- _WHAT THE EXERCISE ASKS_: Go through the listing below and retype exactly the lines starting at the one with "Herbert Spencer and" and ending at the one with "Чайный набор, 4", skipping pictures.

- _ENTRIES PROVIDED_:

--

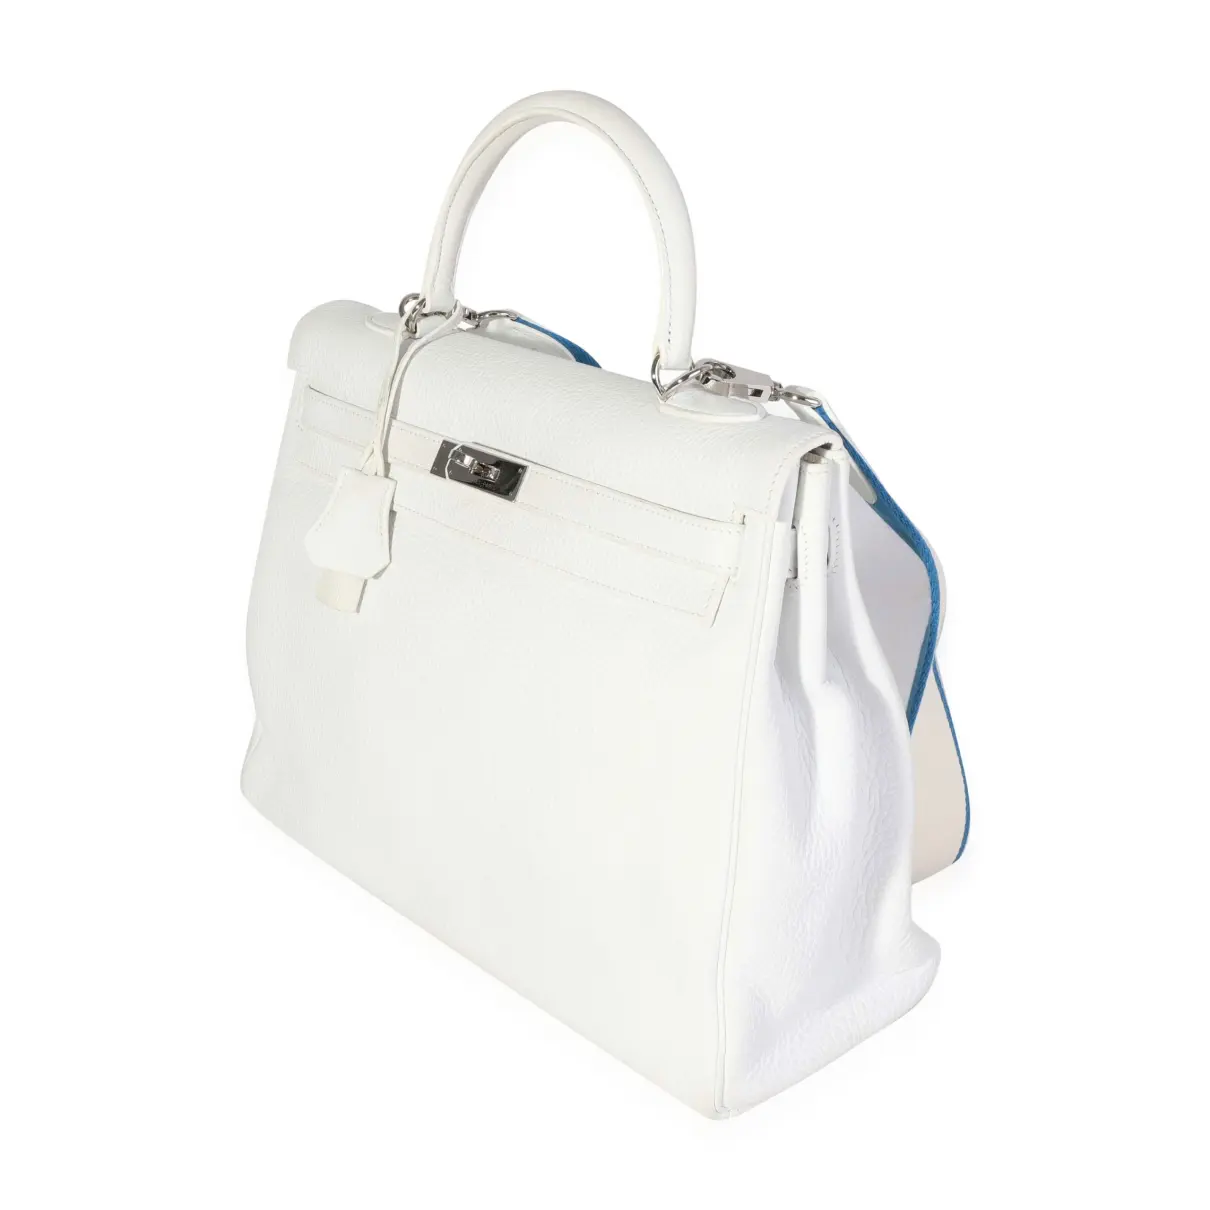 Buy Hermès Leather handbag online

--

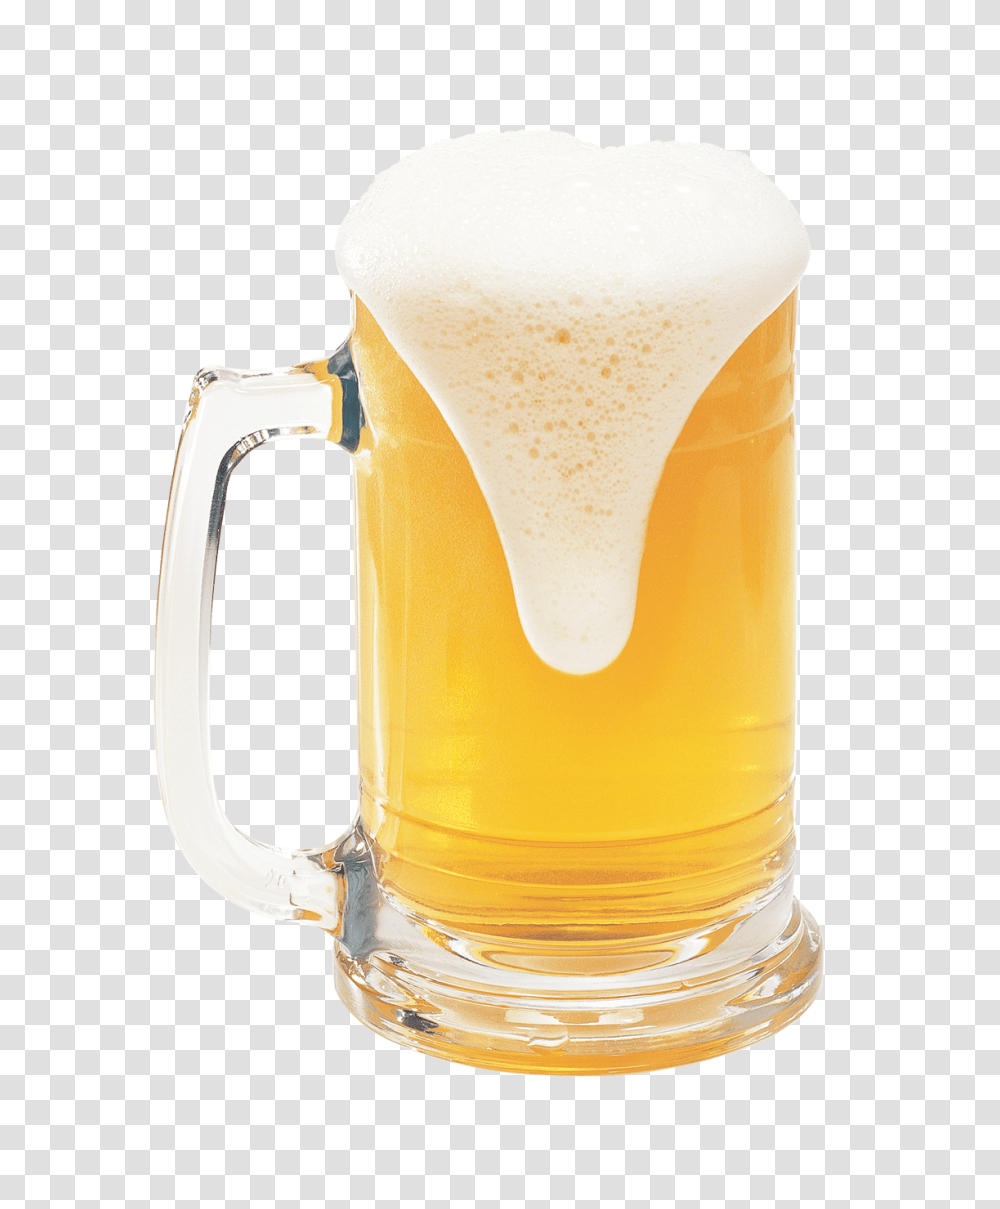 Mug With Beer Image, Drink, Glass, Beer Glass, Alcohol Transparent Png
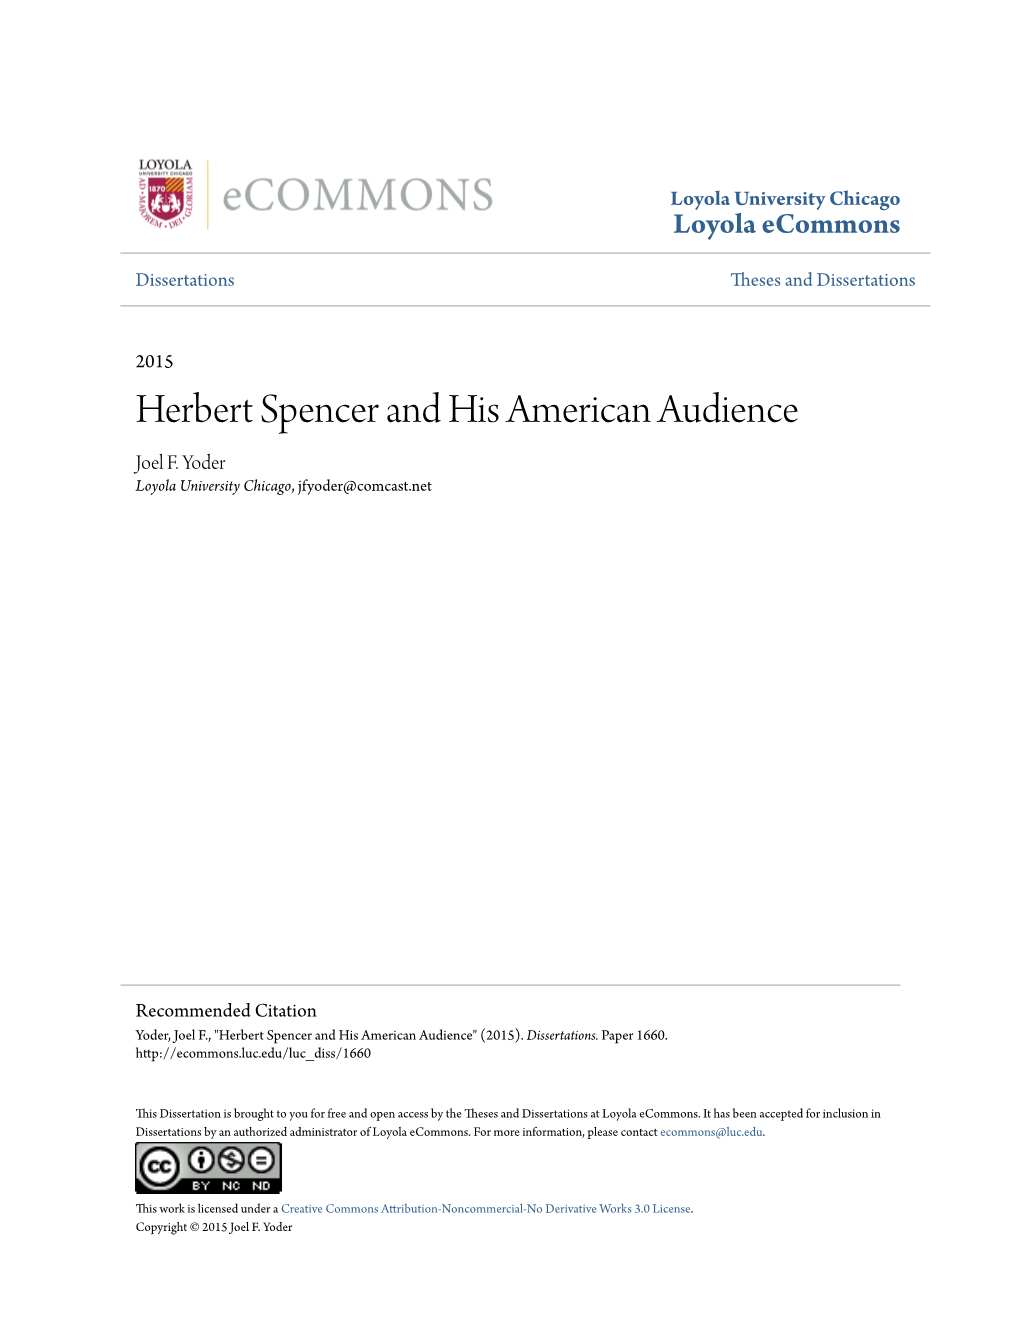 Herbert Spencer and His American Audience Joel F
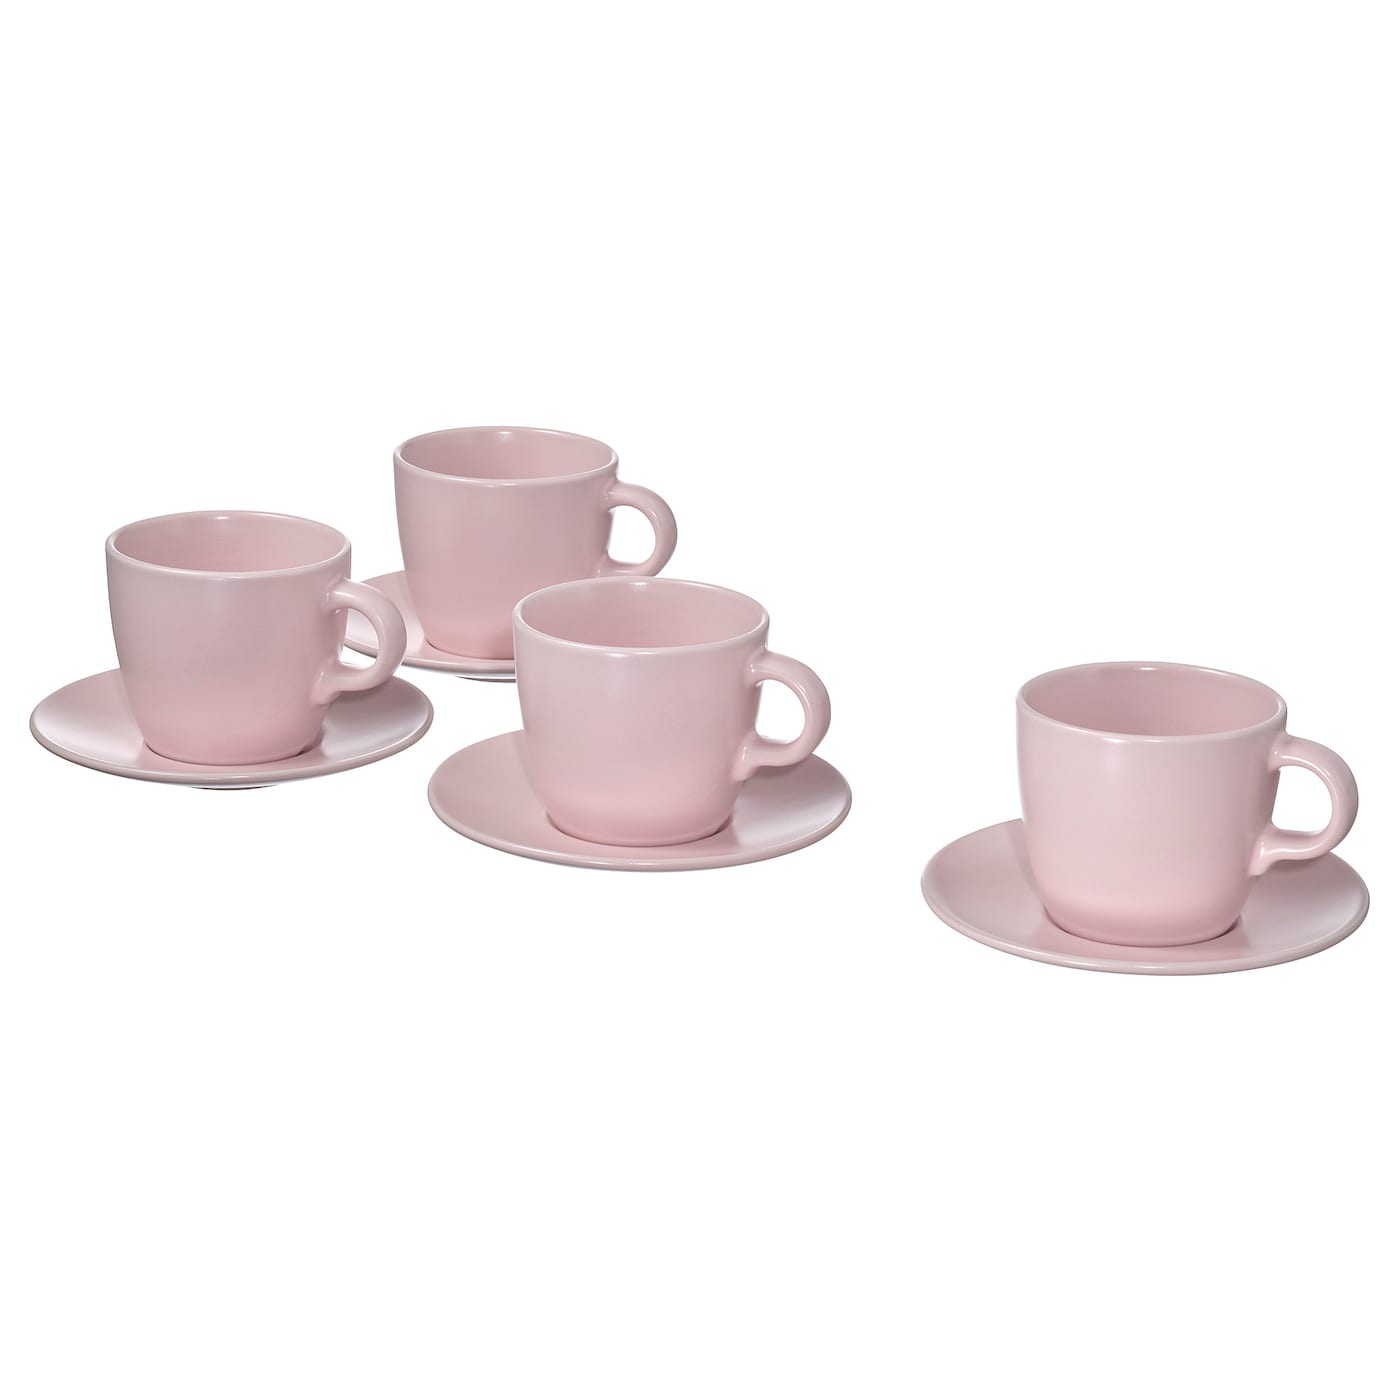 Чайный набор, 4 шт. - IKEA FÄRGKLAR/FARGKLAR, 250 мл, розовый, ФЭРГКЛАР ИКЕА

--

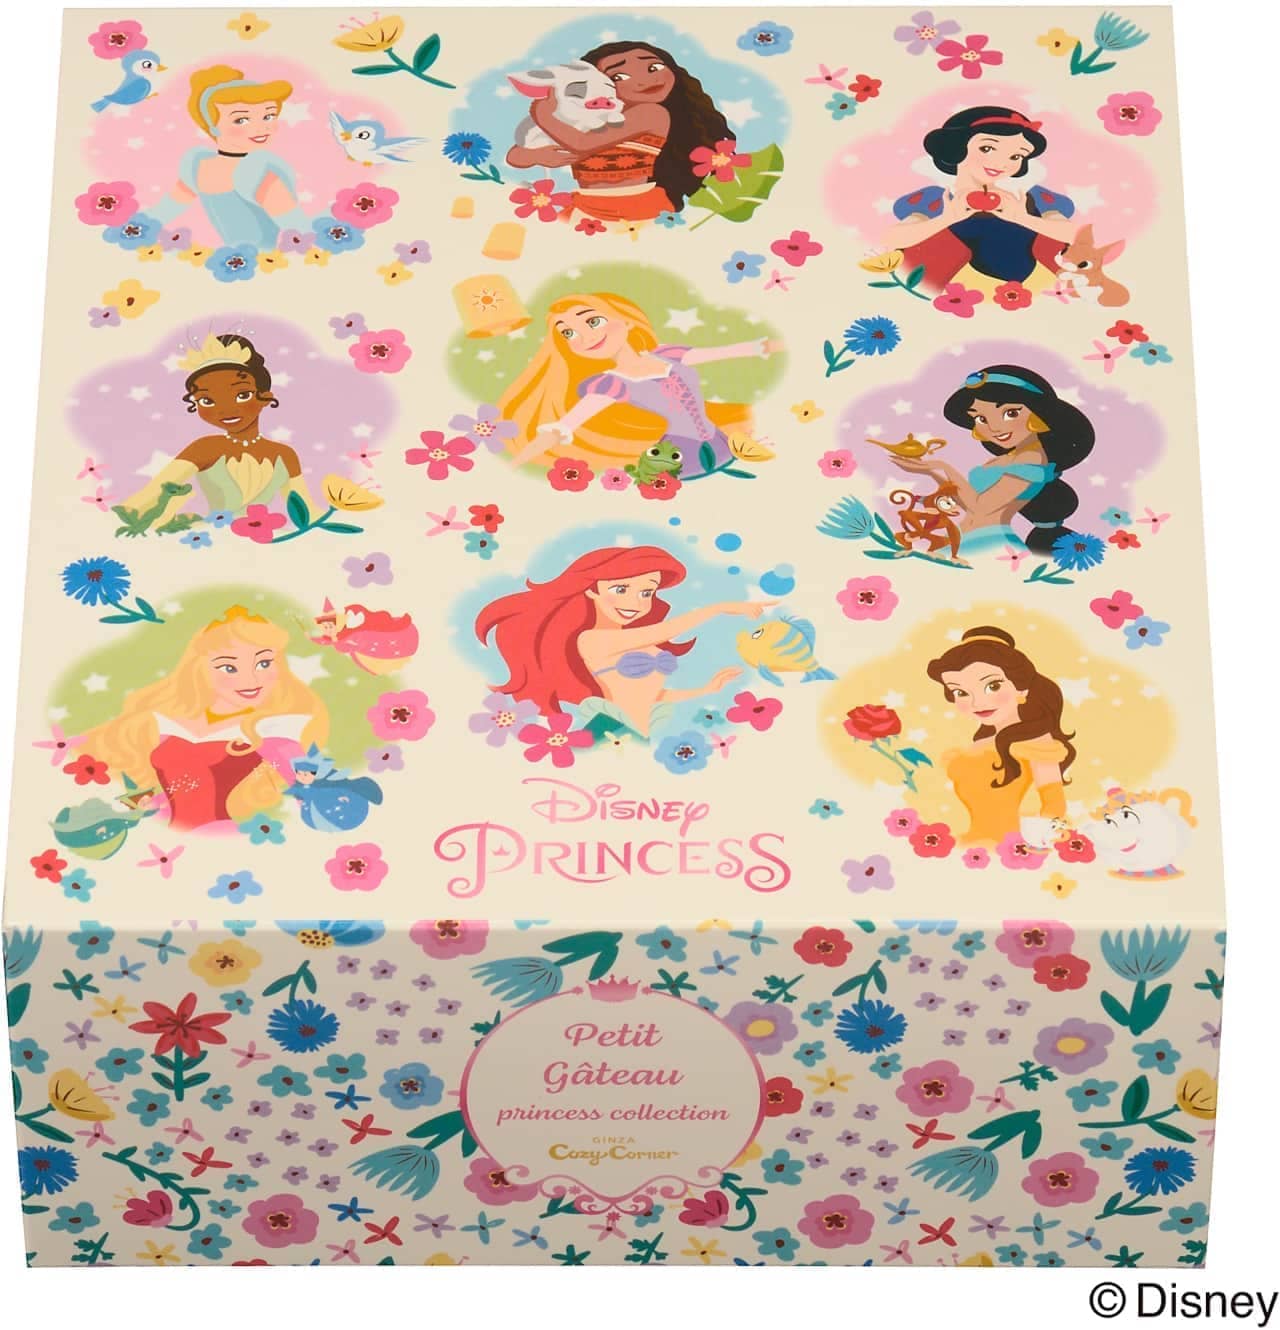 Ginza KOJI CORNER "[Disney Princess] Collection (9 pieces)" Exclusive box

--

- _ANSWER TO THE EXERCISE_:
 Herbert Spencer and His American Audience Joel F
 Чайный набор, 4 шт. - IKEA FÄRGKLAR/FARGKLAR, 250 мл, розовый, ФЭРГКЛАР ИКЕА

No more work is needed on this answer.